NOW, THEREFORE, the City of Oshkosh, hereinafter referred to as the "City", and Six
Rivers Investments, LLC hereinafter referred to as "Six Rivers", agree as follows:
1. The City shall submit an application for a WEDC Site Assessment Grant (SAG)
to assist with the site evaluation and redevelopment of the Property. The application shall be
for the purposes identified in and substantially in the same form as the attached Exhibit B to
this Agreement.
2. The City shall be responsible to complete all necessary WEDC SAG grant
requirements in relation to this Agreement and the WEDC SAG grant, if awarded.
3. Six Rivers shall provide the City with all testing results, data, or other information
in its possession or reasonably obtainable by it to assist the City with the submittal of the Grant
application and compliance with all requirements of the Grant, if awarded.

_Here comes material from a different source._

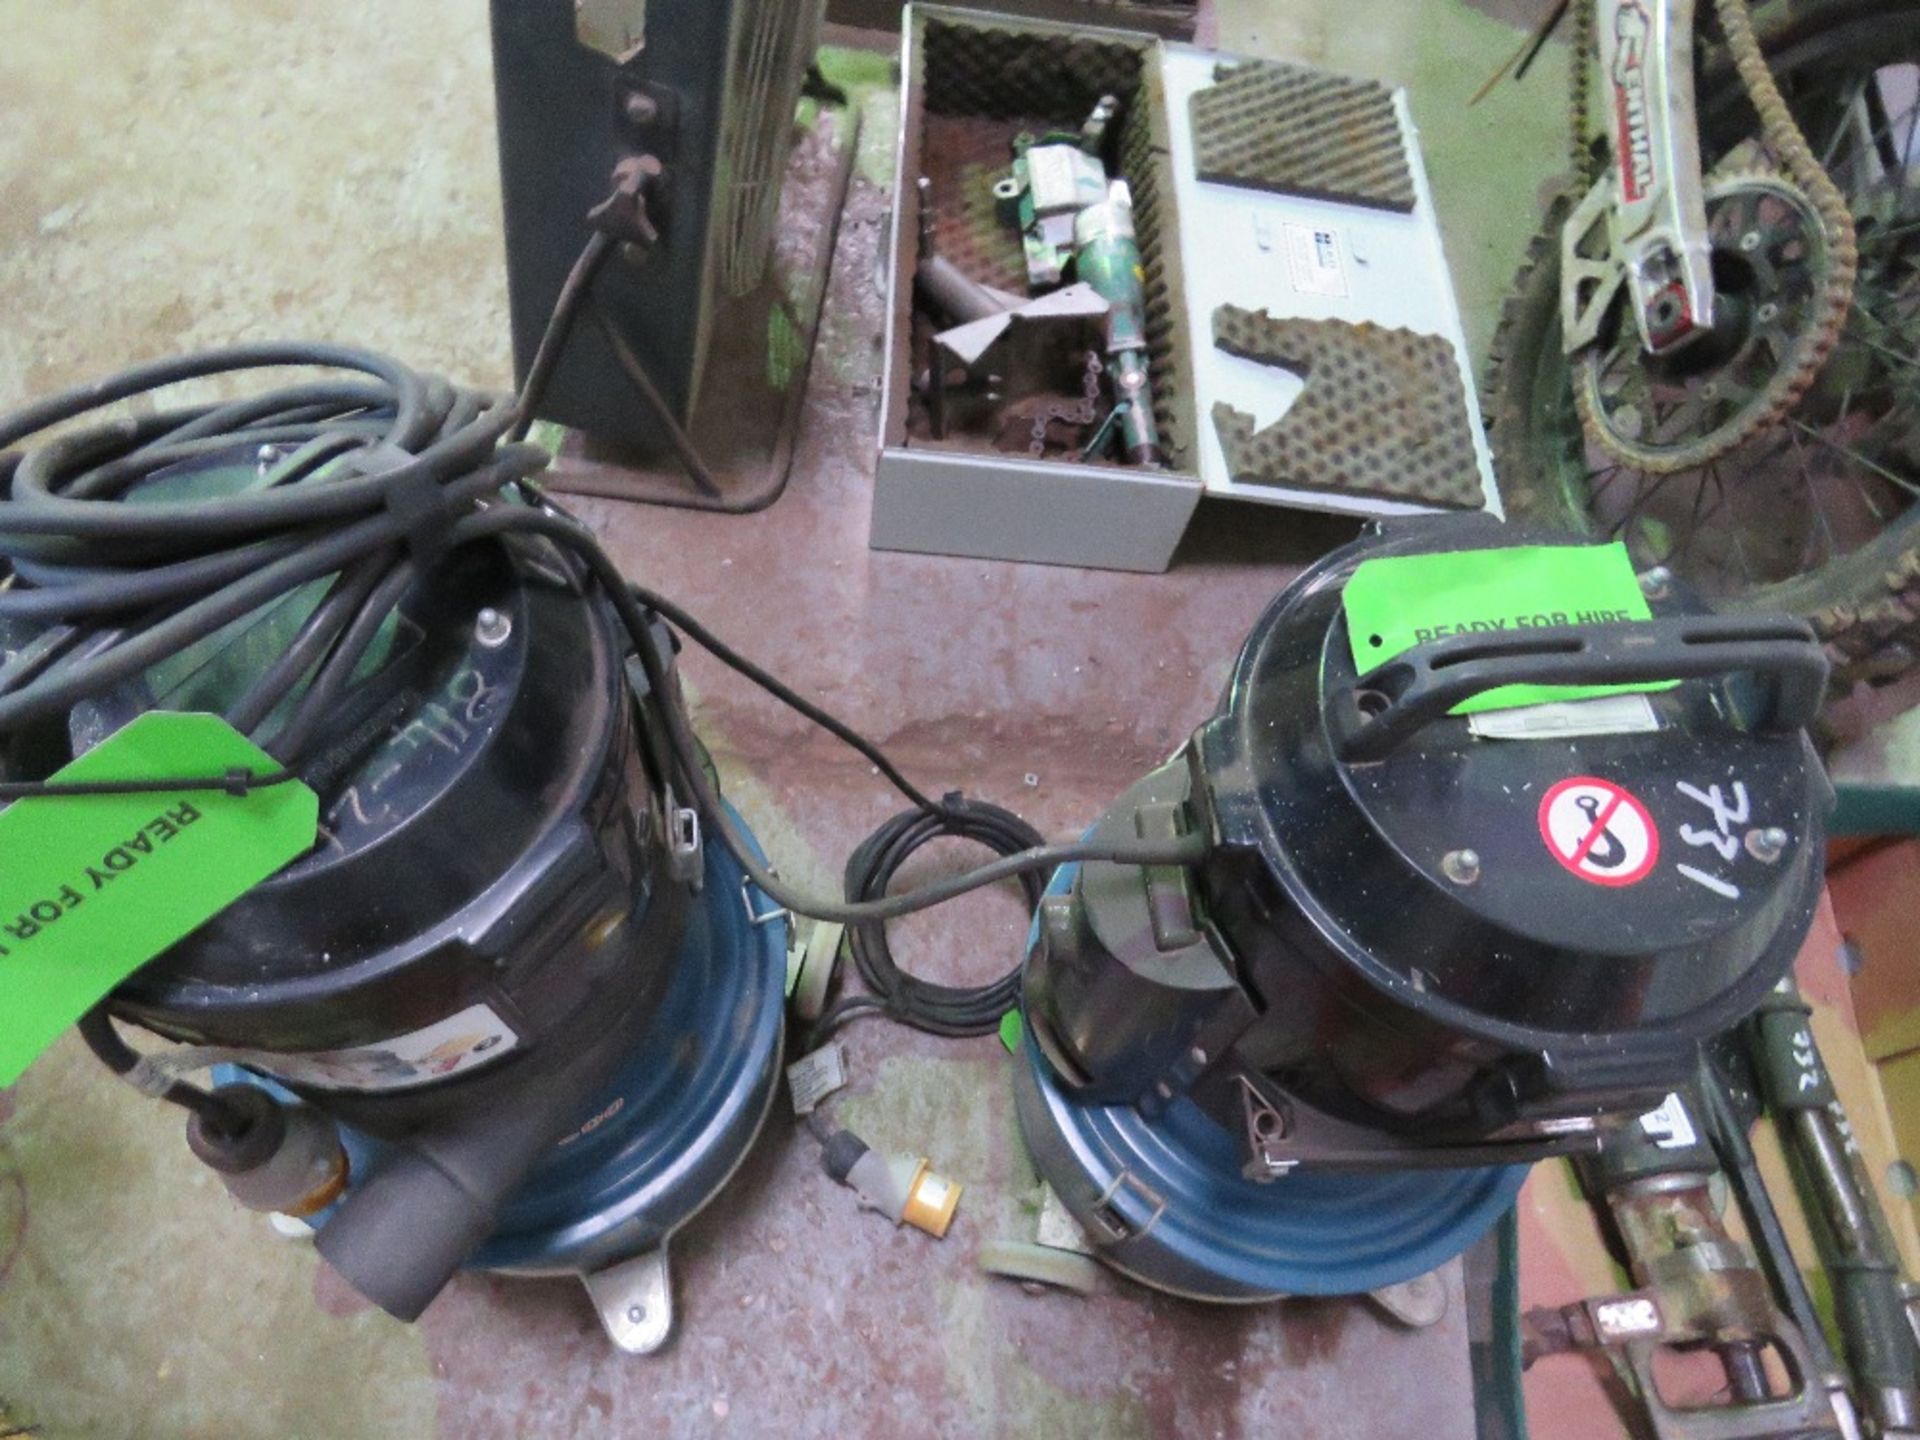 2 X 110 VOLT DUST EXTRACTORS. DIRECT FROM LOCAL COMPANY DUE TO DEPOT CLOSURE. - Image 2 of 2

4. Six Rivers hereby permits City, its employees, duly authorized representatives,
agents and subcontractors, the temporary right to enter upon and have temporary rights of
ingress and egress over and access at reasonable times to the Property to complete the City's
responsibilities in relation to this Agreement and the WEDC SAG grant, if awarded.
WHD/9480389.4 1
5. Six Rivers shall be responsible for obtaining all required permits and approvals
for all work to be performed on the Property in relation to this Agreement and the WEDC SAG
grant, if awarded, including but not limited to permits and approvals from the Wisconsin
Department of Natural Resources.
6. Six Rivers shall be responsible for the Match Investment identified in the WEDC
SAG application and directly pay for all project costs including but not limited to any permit or
approval costs and fees, and any contractors' fees and consultants' fees, relating to the
performance of responsibilities under the WEDC SAG grant, if awarded.
7. Six Rivers shall submit to the City payment requests with all necessary
supporting documentation to allow the City to request reimbursement under the terms of the
WEDC SAG grant. One payment request shall be submitted when approximately one-half of
the project is completed and an additional payment request shall be submitted upon
completion of the project. Additional payment requests may be submitted as Six Rivers may
determine necessary. Within 15 days of the date reimbursement is received from WEDC, the
City shall issue a check to Six Rivers for the allowed reimbursement amount less the fee
specified in paragraph 8 below.
8. Six Rivers shall pay to the City a fee of $500 per payment request to reimburse
the City for the City's costs of administering the WEDC SAG grant.
9. Subject to any limitations contained in Sec 893.80 and any similar statute, of the
Wisconsin Statutes, the City agrees to hold Six Rivers, its officers, officials, employees, and
agents harmless from any and all liability, including claims, demands, losses, costs, damages,
and expenses of every kind and description (including death), or damages to person or
property arising out of the terms of this Agreement where such liability is founded upon or
grows out of the acts of omission of any City's officers, employees, or agents while acting
within the scope of their employment.
Six Rivers agrees to hold the City, its officers, officials, employees, and agents harmless from
any and all liability, including claims, demands, losses, costs, damages, and expenses of every
kind and description (including death), or damages to person or property arising out of the
terms of this Agreement where such liability is founded upon or grows out of the acts of
omission of any Six River's officers, employees, or agents while acting within the scope of their
employment.
Nothing in this Agreement is intended as a waiver of the City's right or opportunity to rely upon
the governmental limitations and immunities contained within Wisconsin law. Municipal
immunities and limitations include, but are not limited to, Sections 345.05, 893.80, and 893.83,
Wisconsin Statutes. Such damage limits, caps and immunities are intended to be preserved
and are incorporated into this agreement and shall govern all disputes, contractual or
otherwise, as they apply to the parties and their agents, officers, and employees.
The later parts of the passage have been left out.